When word got out that CM Punk was in negotiations for a return to professional wrestling, AEW leaned into it. They booked an episode of Rampage at the United Center in Chicago, Illinois, dubbed it “The First Dance,” and had Tony Khan openly teasing that, yes, Punk would be returning, and he would be doing so as a member of the AEW roster. They leaned so heavily into it, that you could argue it was a spoiler. Others have said they were brilliant for making fans 99-percent sure he would be there, because that 1-percent of doubt is all you need to ensure it’s still a surprise. The anticipation of the moment was almost physically painful, the kind of giddy excitement that reminds you of childhood.

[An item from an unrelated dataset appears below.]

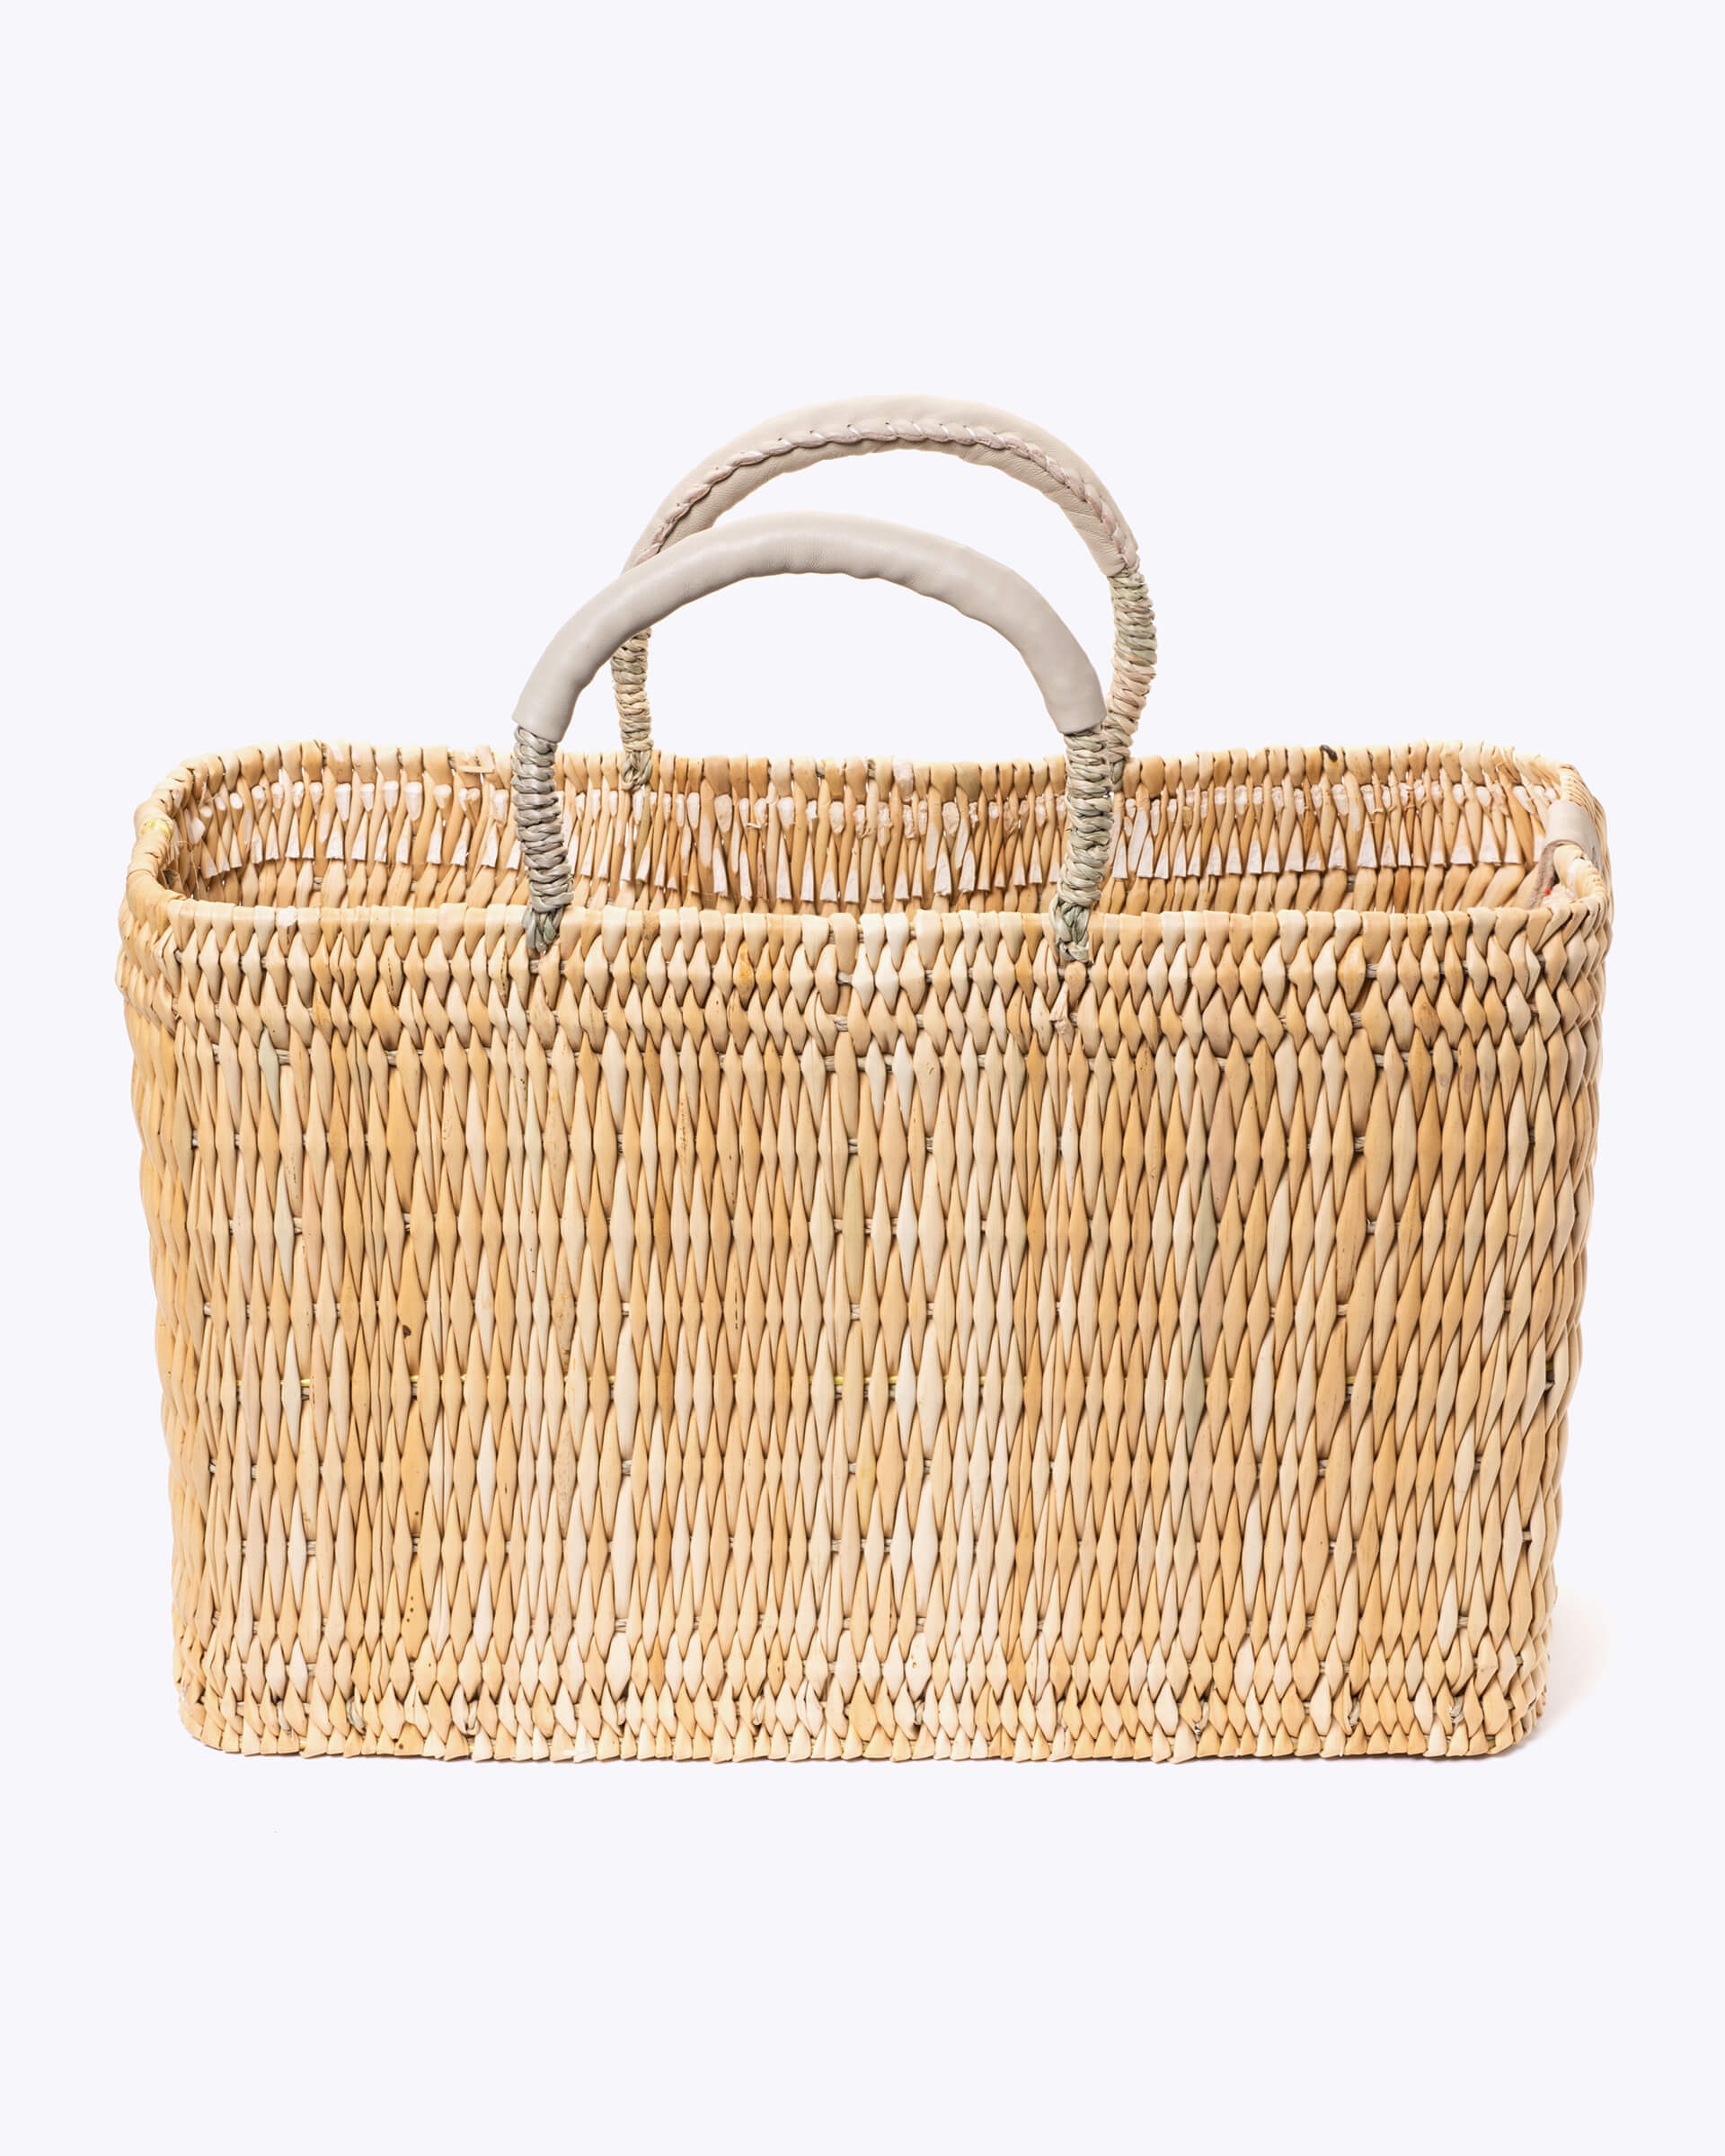 medium straw basket wrapped with neutral leather handle on a white background

And then they delivered on that.

When word got out that Adam Cole’s deal with WWE had come up and it wasn’t clear where he would go, AEW started teasing his jumping ship. The Young Bucks were using their Twitter bio gimmick to talk about resurrecting someone from the dead — Cole was killed off in an episode of “Being The Elite” before AEW was even created — and even during All Out Dr. Britt Baker DMD hit a Panama Sunrise that every fan in the building went apeshit for. They teased it out in subtle and not so subtle ways.

And then they delivered on that.

When word got out that Daniel Bryan’s contract with WWE had expired, it came right along with word that Vince McMahon was still vying heavily for his services. It was hard to imagine him leaving, what with all his family ties to that company, but there was enough doubt to make it interesting. Then AEW started very lightly teasing his arrival too, with Punk himself even bringing him up in an interview and maybe using his shoes as a vessel for some subliminal messaging.

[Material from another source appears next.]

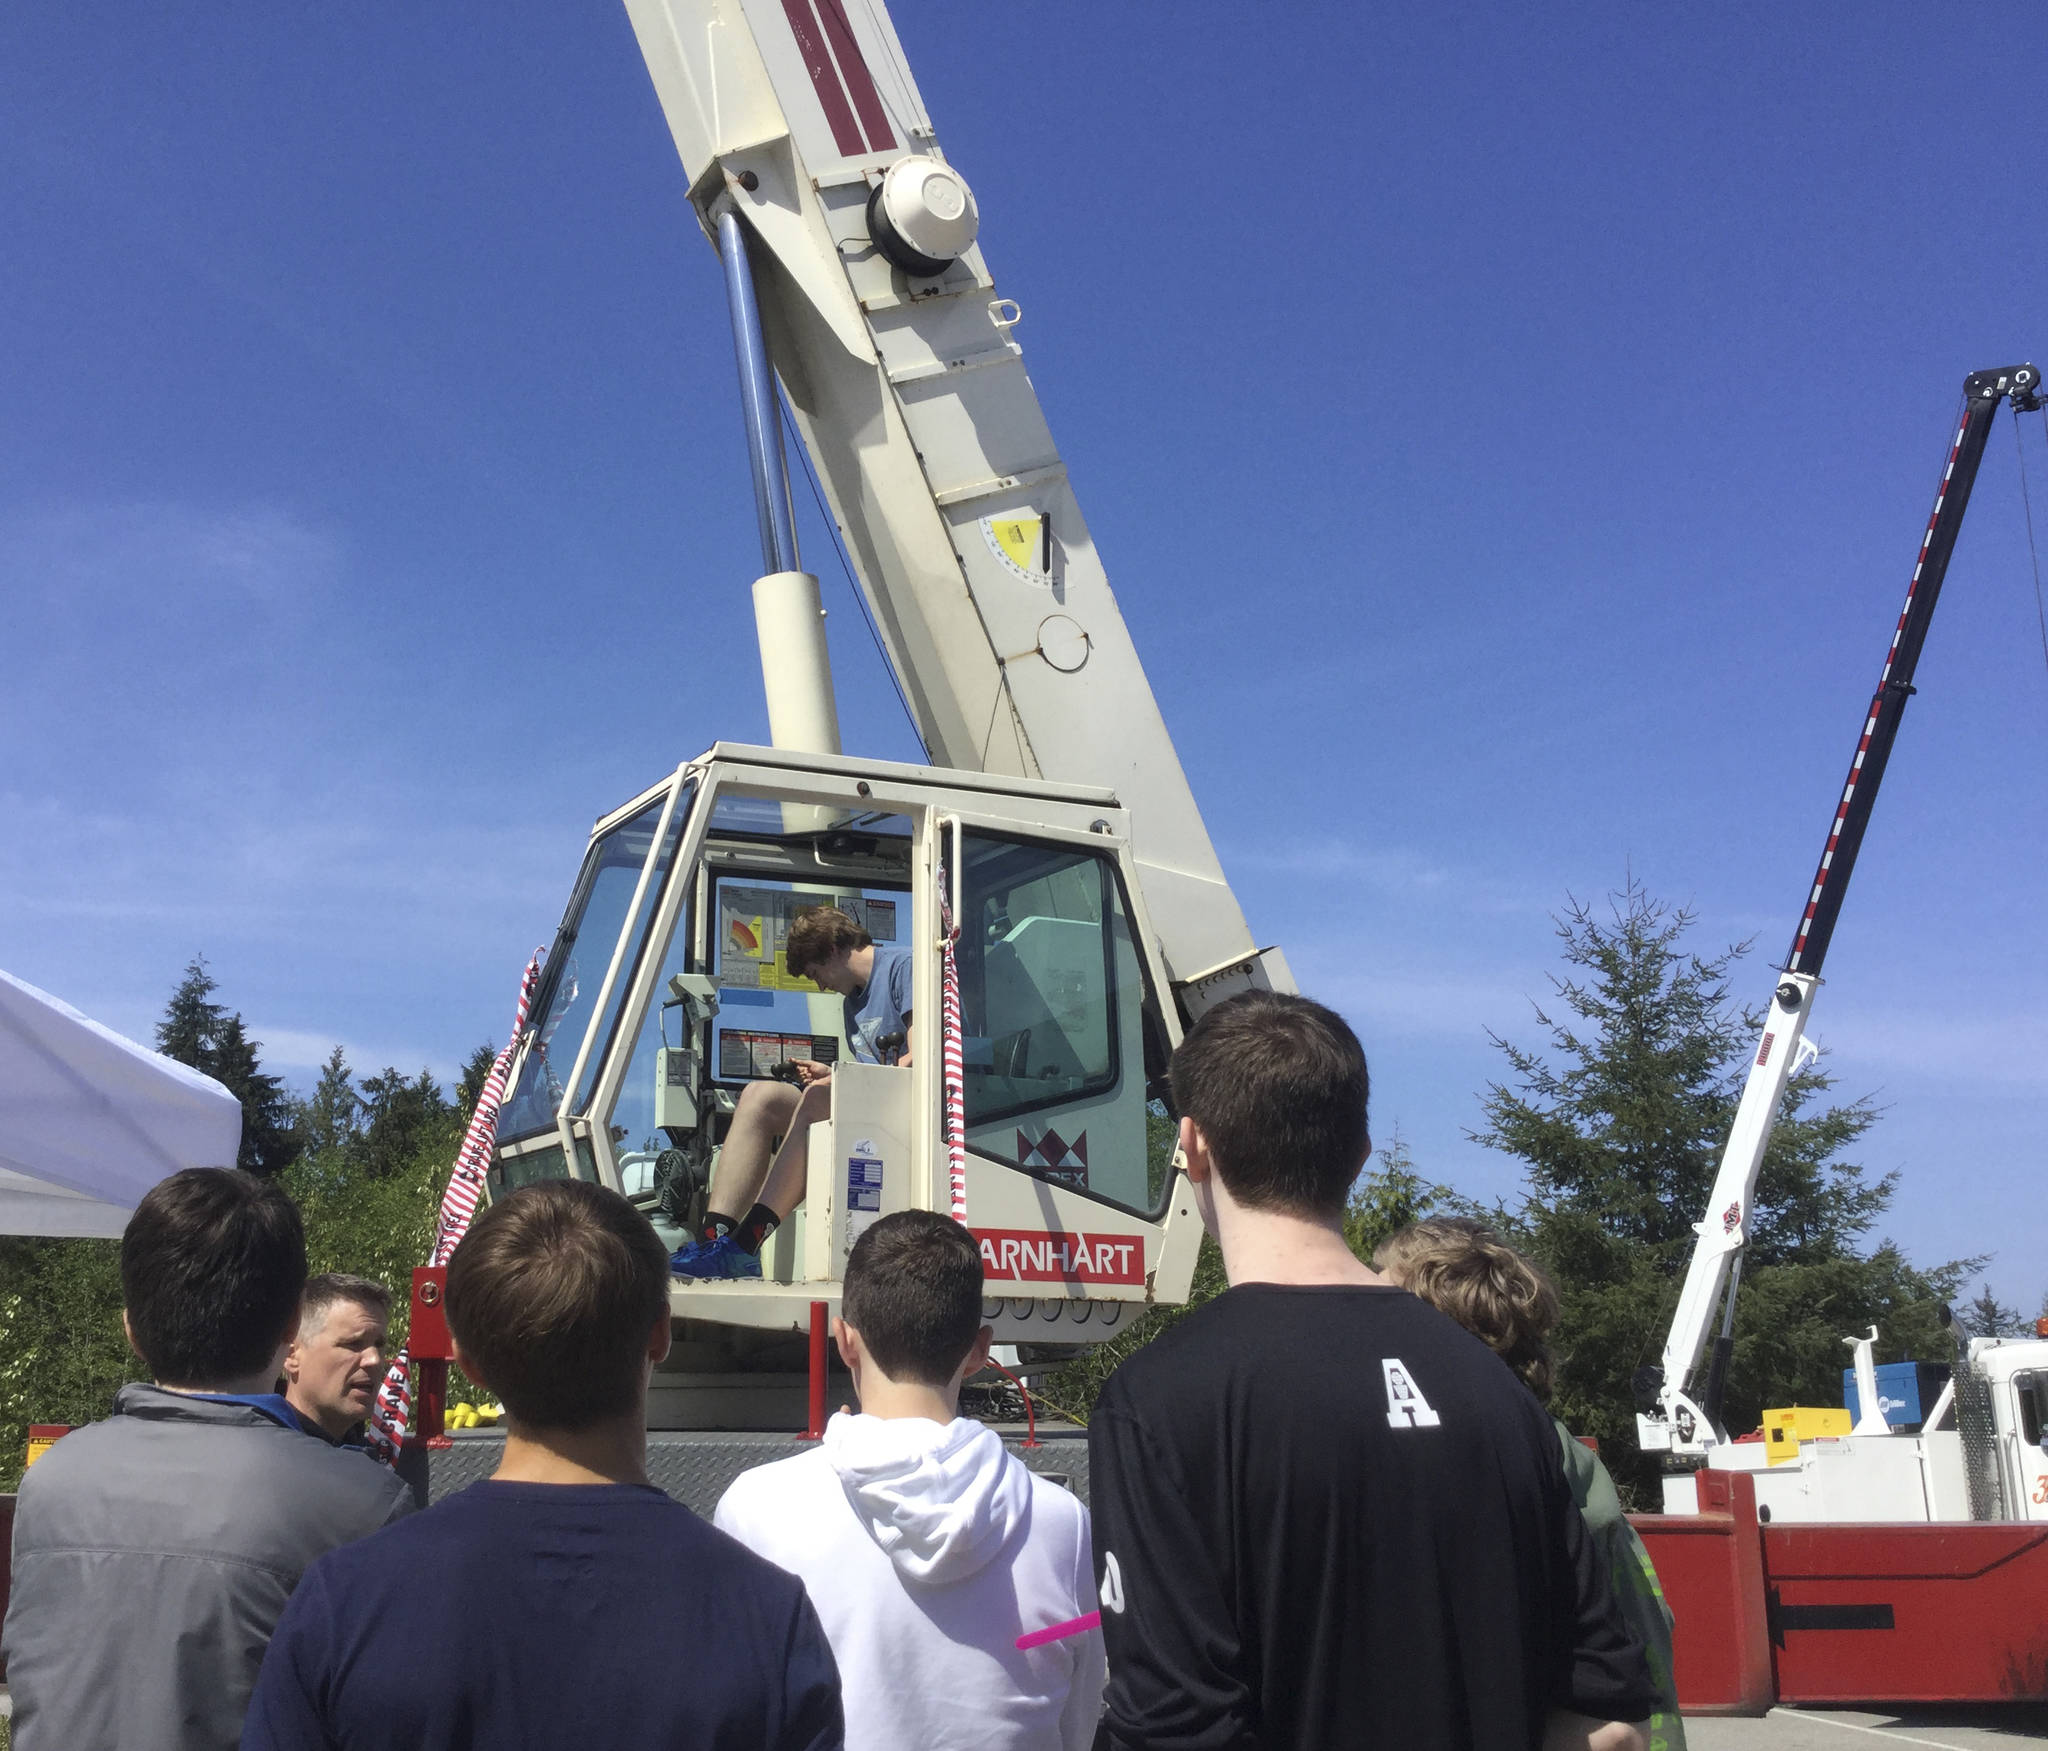 Arlington High School Junior Jonathan Schroeder takes his turn in the crane cab while Barnhart Crane & Rigging worker Ben Walthers talks about the industry with students.

And then they delivered on that.

It’s been said that trust is lost in buckets and gained in droplets. Well, in one night, AEW did a whole lot of trust building by delivering beyond any reasonable expectation. This time, having delivered on all that, with a lot of great wrestling around it, the show was considered one of the very best in recent memory.

It’s worth pointing out that they are doing this during a time when WWE — and I promise this isn’t meant to pit the two against each other, but rather to accentuate how meaningful it is that AEW has gone this route — routinely advertises matches they are fully aware will not be happening. WWE knew ahead of time that Bianca Belair vs. Sasha Banks would not be taking place at SummerSlam, and Becky Lynch would be returning to win the title. Instead of creating buzz for that with an announcement removing Banks from the match, they went right on ahead with advertising it. Card subject to change and all that, sure, but that disclaimer was not intended to be manipulated this way. Lynch’s return after more than a year away should have been a slam dunk but by the time that show was over, I’m not sure anyone would tell you that was the case.

AEW is proving the formula is quite simple — deliver on what you say while giving the fans what they want. They are doing just that and the fan base, increasing by the day, is loving them for it.